VIEW
A separate fragment of space, a vast panorama, most often attractive in terms of landscape; visual experience of space.
A view is a prerequisite for the experience of landscape seen in terms of aesthetics, e.g. beauty, picturesqueness or sublimity. It can be a “model” of a painting landscape. As such, it bears witness to the oculocentric nature of the European culture.
According to some theoreticians, in order to become a landscape, a view must become an object of someone’s aesthetic experience. This happens when the observer separates some fragment of reality (view) in the act of viewing, which then undergoes an aesthetic evaluation. The idea of a view is thus inscribed in a specific relation between a human and his environment, experienced as an aesthetic image (humans are spectators, distanced observers, contemplating the “image” stretching in front of them).

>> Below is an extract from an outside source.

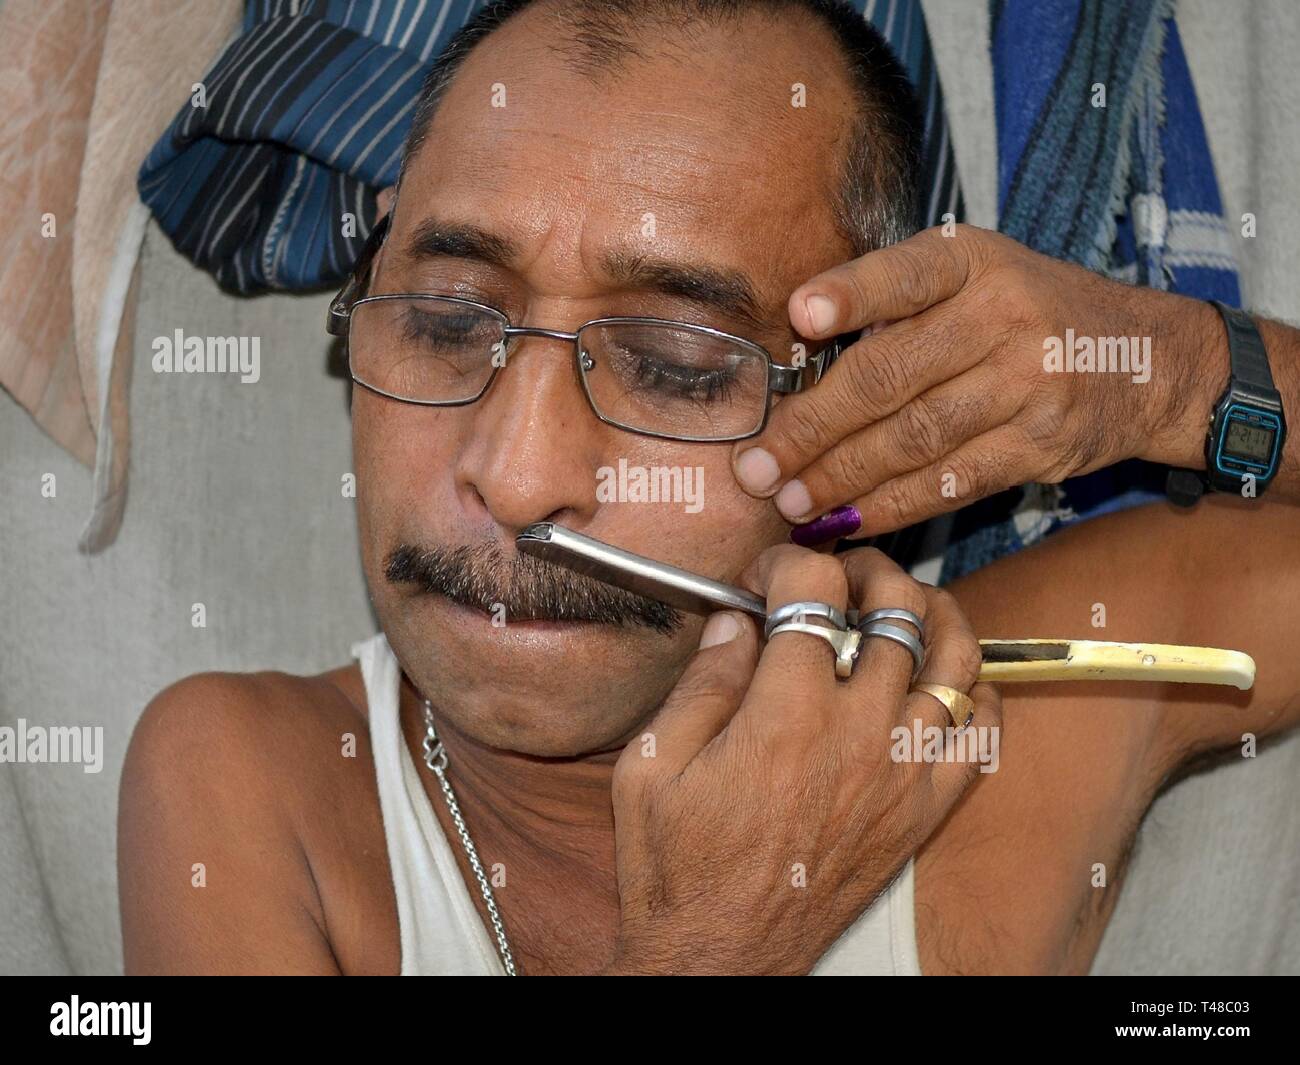 Funny Indian curbside barber with puffed up cheeks trims his menjou moustache with a straight razor. Stock Photo

The view as a perceived image (landscape) is closely related to the tourist experience (tourist’s gaze), consisting in “consuming” views already known through reproductions on postcards, in albums, tourist brochures. The view understood in this way is confirmed by the idea of a vantage point, i.e. a natural or artificial place distinguished by its spectacular view. In Urry’s opinion, the tourist’s gaze, especially in its collective variant, confirms the attractiveness of the view as a place worth seeing. An important role in the standardisation of contemporary view experience is played by photography, which has widely spread the cult of beautiful representations of nature. The development of tourism means, among other things, that all nature is reduced to the role of a gallery of views. The idea of the view has led to a change in the way people feel the nature, which is treated as a collection of tourist attractions. This concept, as far as it is identified with the idea of landscape, is sometimes criticised as a falsifying image of human relations with the environment, as well as leading to inadequate aesthetic assessments of the environment.
[M. G., B. F.]
Literature:
Carlson, Allen. Aesthetics and the Environment: The Appreciation of Nature, Art and Architecture. London: Routledge, 2000.
Cosgrove, Denis E. Landscape and the European Sense of Sight – Eyeing Nature, In: K. Anderson, M. Domosh, S. Pile, N. Thrift (eds.), Handbook of Cultural Geography, London: Sage Publications, 2003.
Urry, John. The Tourist Gaze. London: Sage, 2002.
Ritter, Joachim. Landschaft: zur Funktion des Ästhetischen in der modernen Gesellschaft, Münster: Aschendorff Verlag, 1963.